My boss has a Mesa Boogie with a Blackstar HT-Dual pedal that he thinks is briliant.

I need to re-string soon so i will giv ethe QD route a try.


----------



## Shug (Jul 13, 2007)

Gruffs said:


> I used Rainforest Rub on my old guitar to good effect i cleaned it with Surfex (very weak) iirc.
> 
> The Hagstrom has a Resinator (read plastic - though it is lovely) Fretboard so it should be ok with a basic soapy mixture.
> 
> ...


Made by meguiars. Will just be a licensing thingy with fender to reassure folks its fine to put on their axe.
I've used QD on mine before (just a cheap ernie ball les paul copy tho)


----------



## Gruffs (Dec 10, 2007)

I know but i just can't do it. I'll just use the regular Meguiars stuff.

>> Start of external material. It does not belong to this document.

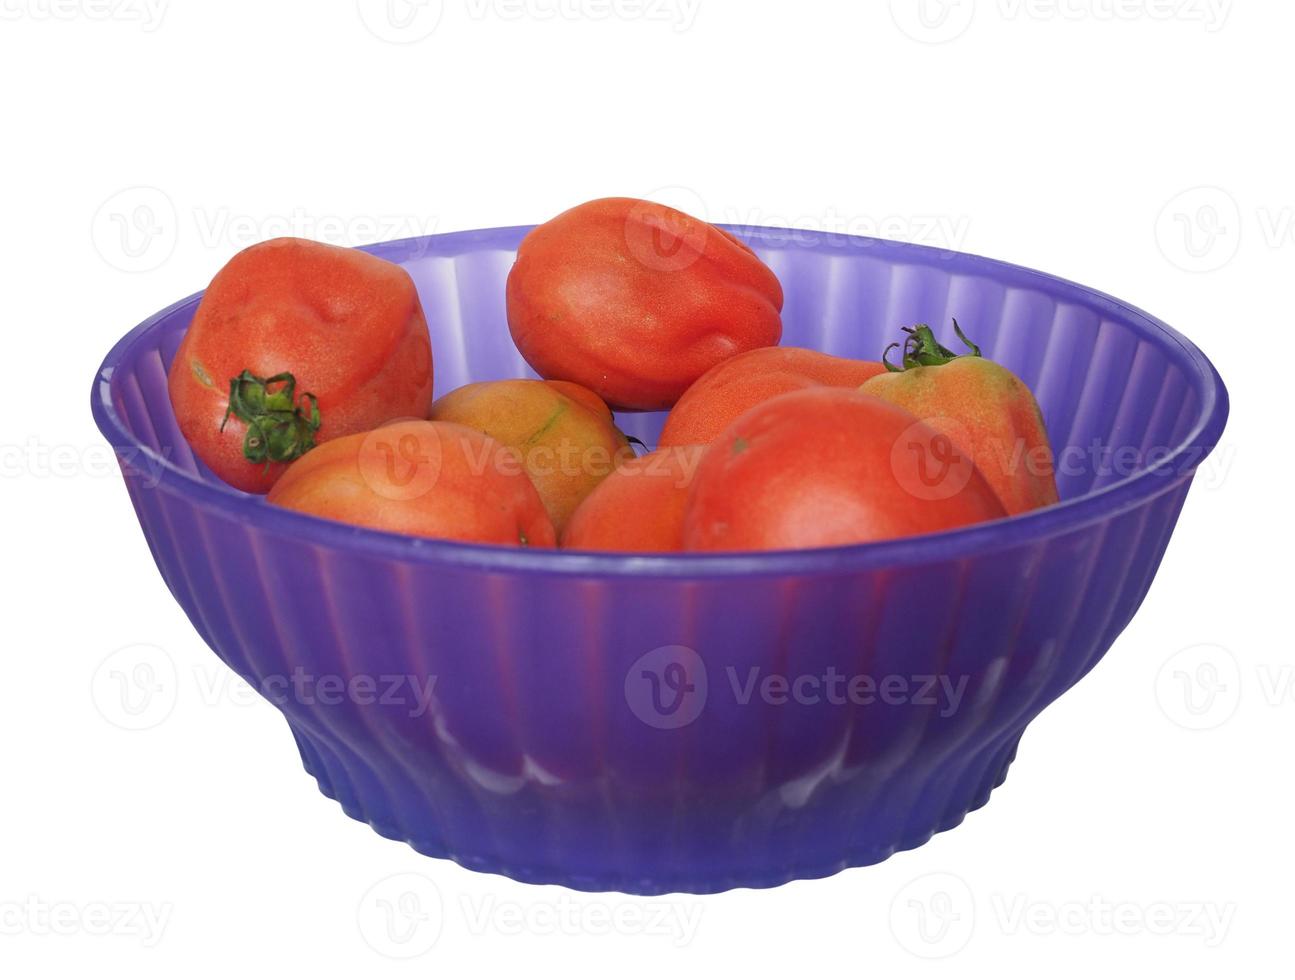 tomates en un tazón morado foto
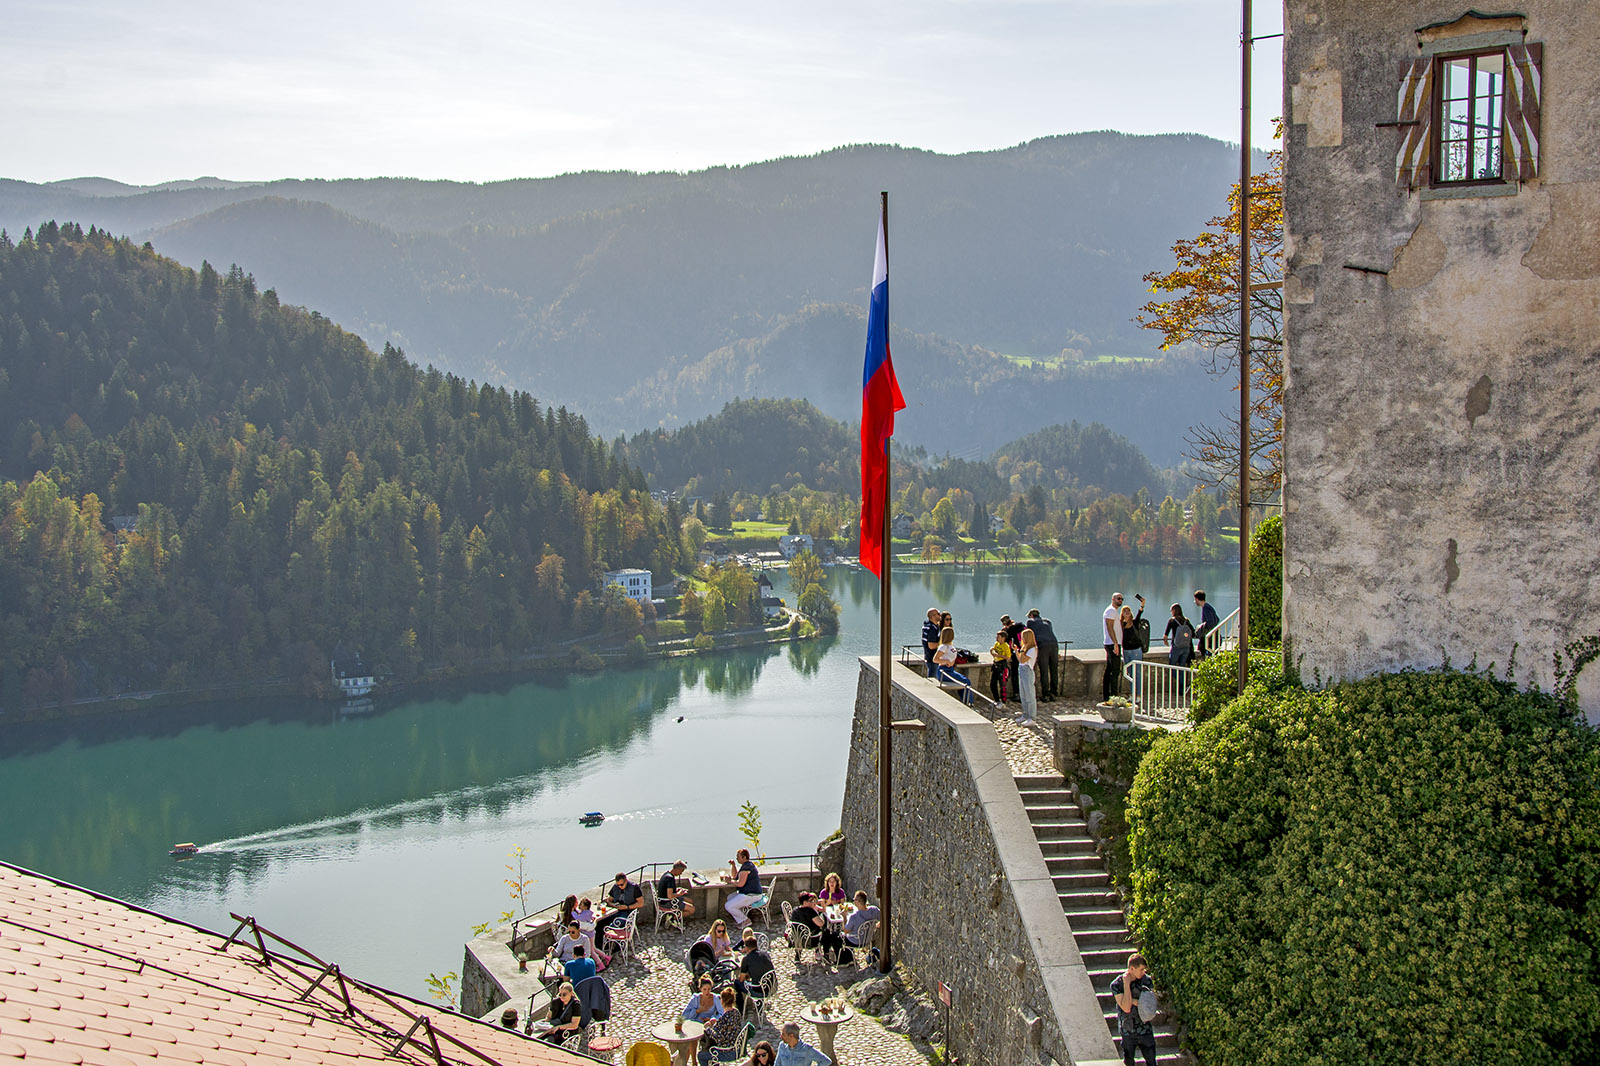 Bled Castle Slovenia

It's the same reason i can't buy a BMW i know they are great cars, my dad has one and i can't fault it. But, they are like kryptonite to me, i don't feel the love.

Mind you, i said i'd never have an iPod too. Does this make me shallow? :lol::lol:


----------



## Frothey (Apr 30, 2007)

baby wipes on the neck and strings.....


----------



## Red_Cloverleaf (Jul 26, 2009)

In The Detail said:


> baby wipes on the neck and strings.....


That's just plain wrong................


----------



## Frothey (Apr 30, 2007)

why's that?


----------